MERCADO AGORA: Veja um sumário do comportamento dos negócios até o momento

Por Gustavo Nicoletta

São Paulo – As notícias sobre a guerra comercial entre Estados Unidos e China, as manifestações convocadas para domingo no Brasil e o Memorial Day na segunda-feira, que deixará os mercados norte-americanos fechados, deixam o investidor cauteloso e contribuem para que o Ibovespa opera perto da estabilidade no início da tarde.

Às 13h30 (de Brasília), o índice caía 0,10%, a 93.814 pontos, enquanto o contrato futuro do Ibovespa com vencimento em junho recuava 0,37%, aos 94.050 pontos.

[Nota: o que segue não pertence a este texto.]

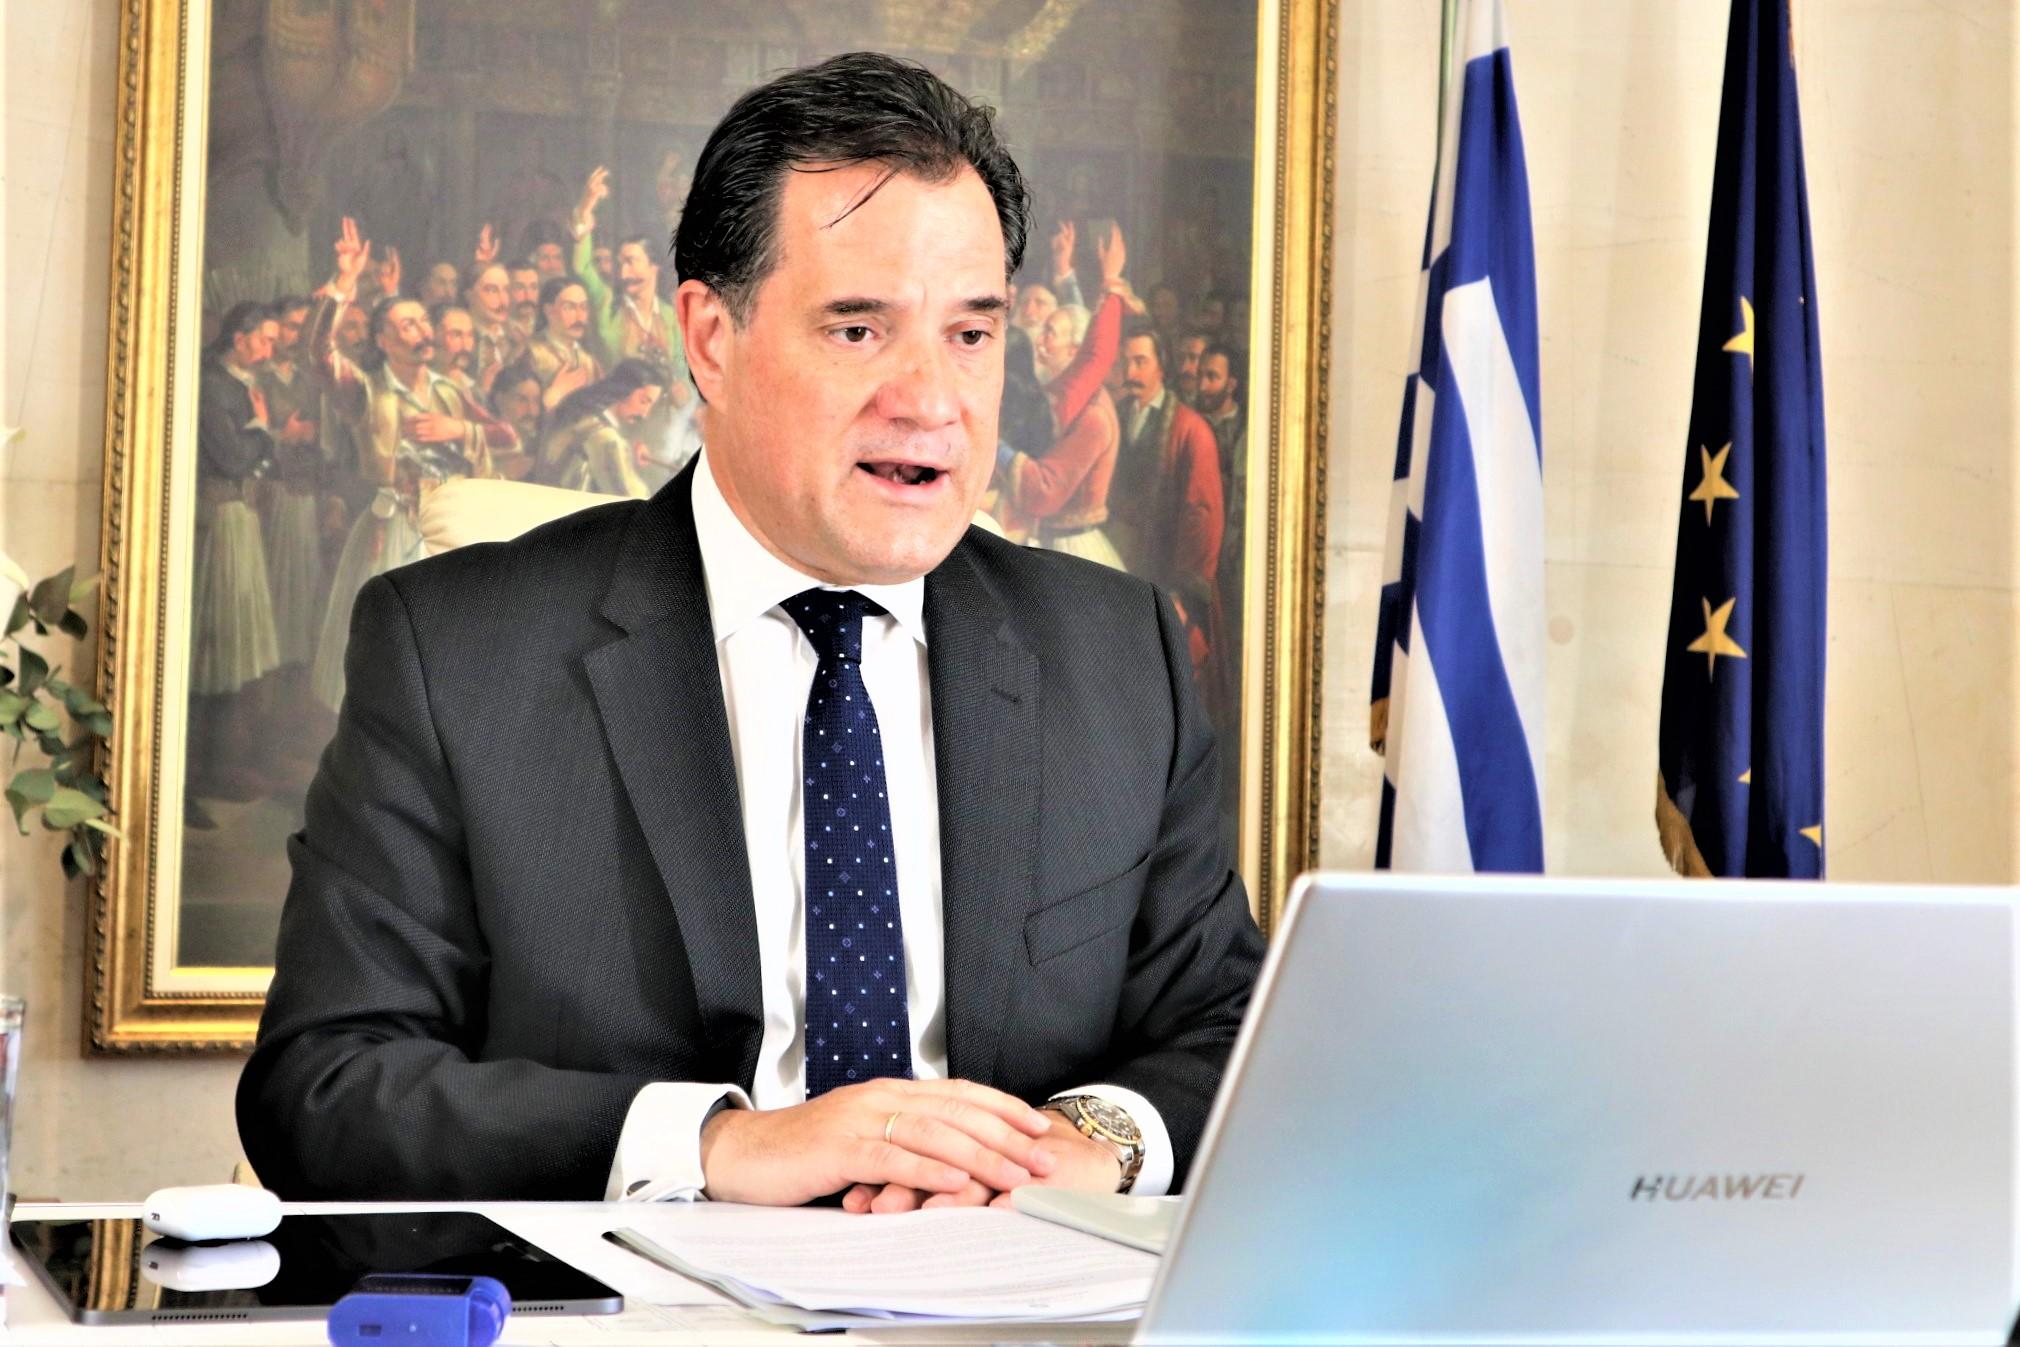 Άδ. Γεωργιάδης: Δεν θα υπάρξουν ελλείψεις στα ράφια των σούπερ μάρκετ τους επόμενους μήνες
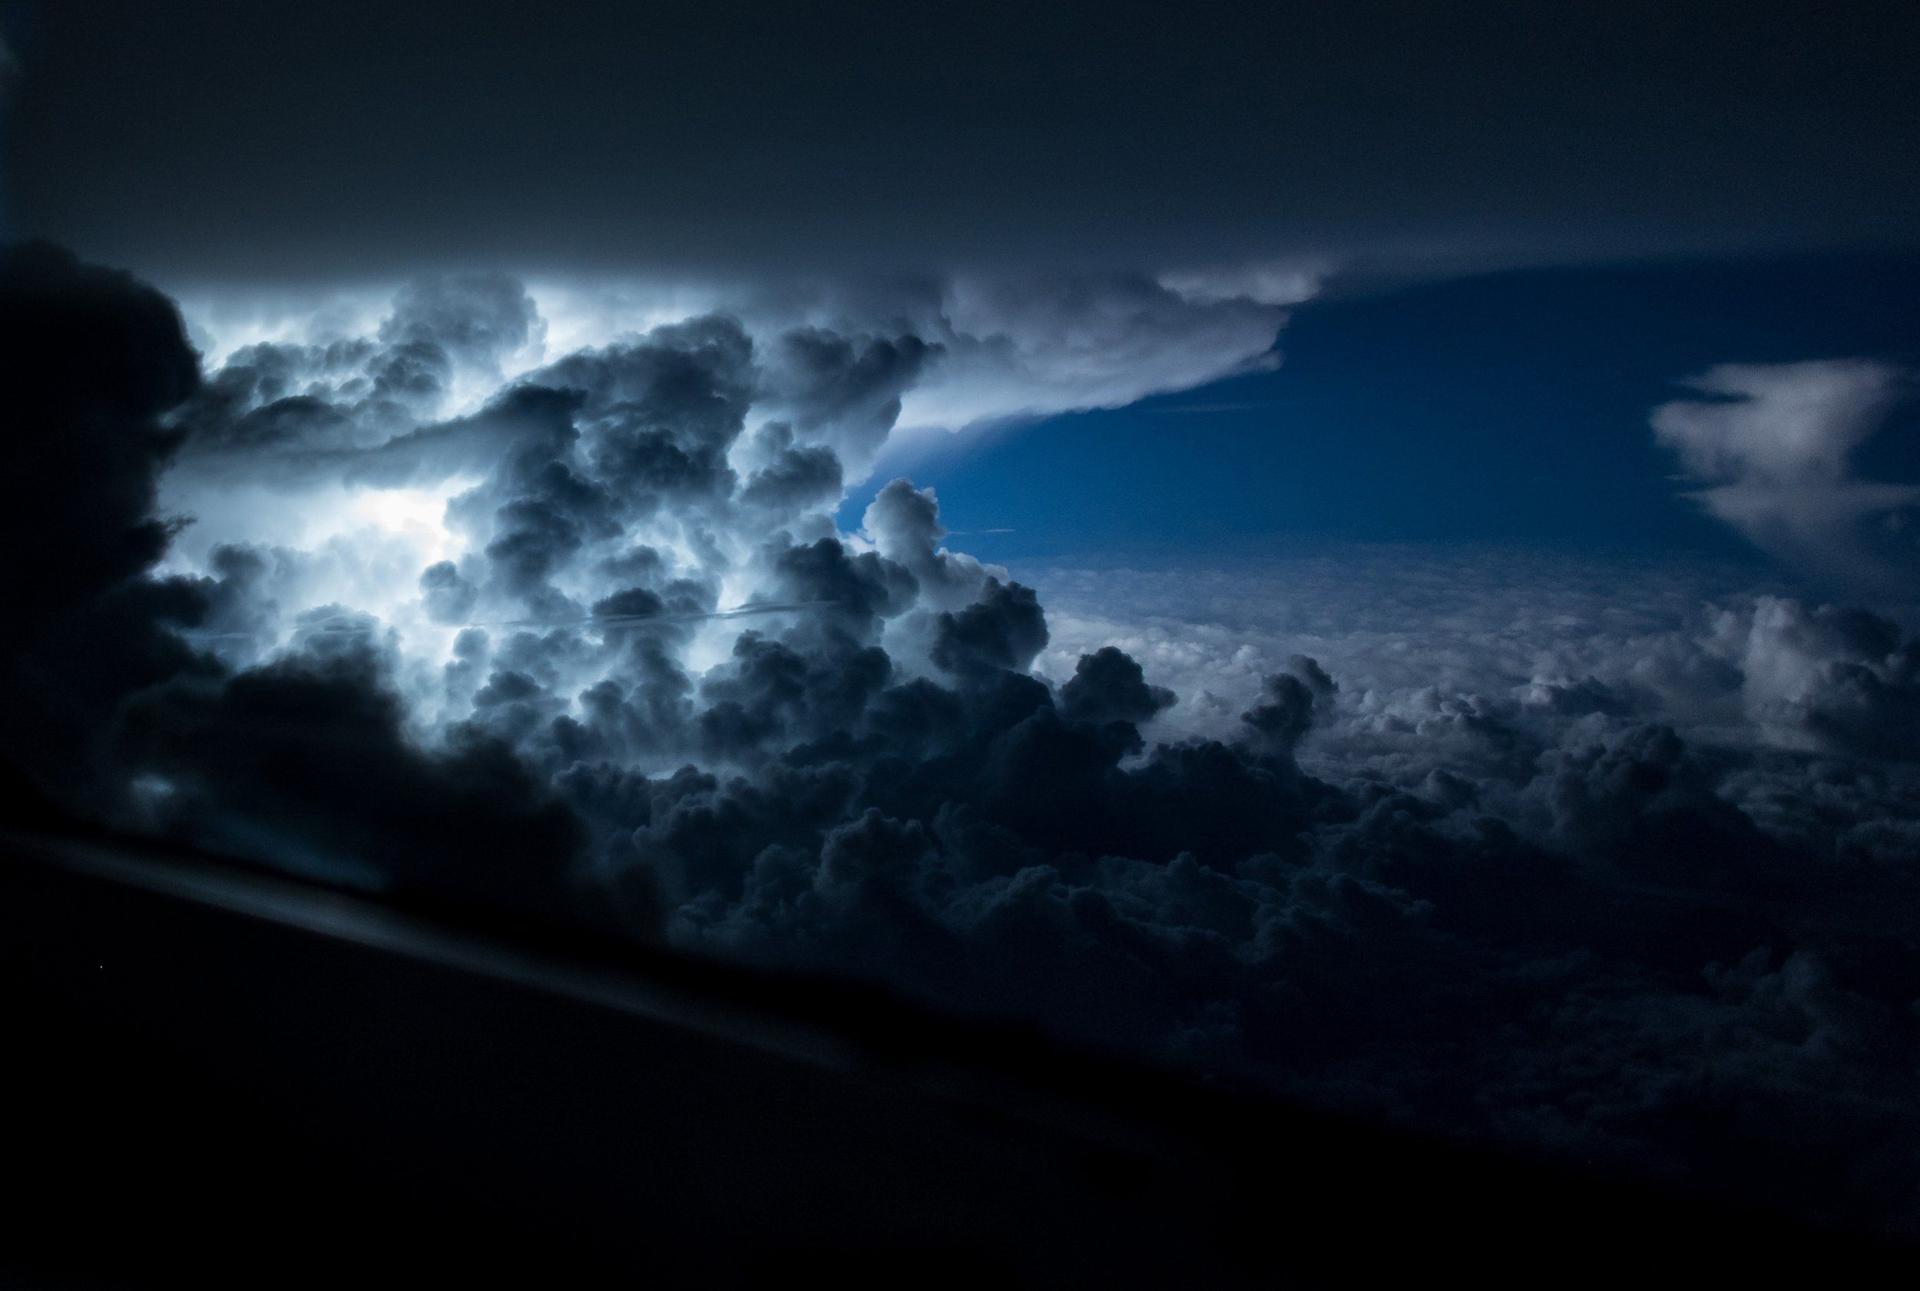 Cerca de Jamaica, en el océano Atlántico, en medio de una gran tormenta

Para o economista-chefe da Codepe Corretora, José Costa, a questão da guerra comercial entre Estados Unidos e China é a principal preocupação no cenário externo no momento e ainda pode trazer volatilidade. “Essa briga impacta o preço de commodities e pode impactar a economia mundial, o mercado vai continuar um pouco preocupado”, disse.

Mais cedo, o presidente dos Estados Unidos, Donald Trump, chamou a Huawei de “muito perigosa”, mas disse que as reclamações do país sobre a companhia podem ser resolvidas como parte de um acordo possível comercial com a China.

A declaração de Trump foi feita um dia depois de um porta-voz do governo chinês afirmar que a China não vai continuar as negociações comerciais com os Estados Unidos até que o país lide com “práticas erradas” e pare de intensificar unilateralmente o atrito na relação comercial entre as duas nações.

No câmbio, a leitura dos investidores foi um pouco diferente, com o mercado preferindo olhar de forma mais otimista as declarações de Trump sobre a Huawei. O dólar comercial caía 0,54% no pregão à vista, a R$ 4,0260 para a venda, enquanto o contrato futuro da moeda com vencimento em junho recuava 0,45%, para R$ 4.026,00.

“O tom de Trump declarando que os Estados Unidos pretendem continuar o acordo com a China melhora o clima entre os países e nos negócios”, comenta a economista-chefe do banco Ourinvest, Fernanda Consorte.

Porém, o analista da corretora Mirae Asset, Pedro Galdi, chama a atenção que, devido à volatilidade e às contradições das declarações do presidente norte-americano, investidores não esperam uma solução para o curto prazo, e a declaração tem menos efeito positivo do que teria no início da guerra comercial.

Entre os juros, as taxas dos contratos de Depósito Interfinanceiro (DI) seguem com leves baixas, acompanhando o dólar. Os investidores mostram maior cautela com a cena política local antes da manifestação pró-governo prevista para domingo, ao mesmo tempo em que monitoram o cenário externo.

A taxa do contrato de DI para janeiro de 2020 estava em 6,38% inalterada em relação ao ajuste de ontem. O DI para janeiro de 2021 estava em 6,77%, de 6,79% após o ajuste anterior; o DI para janeiro de 2023 projetava taxa de 7,92%, de 7,97%.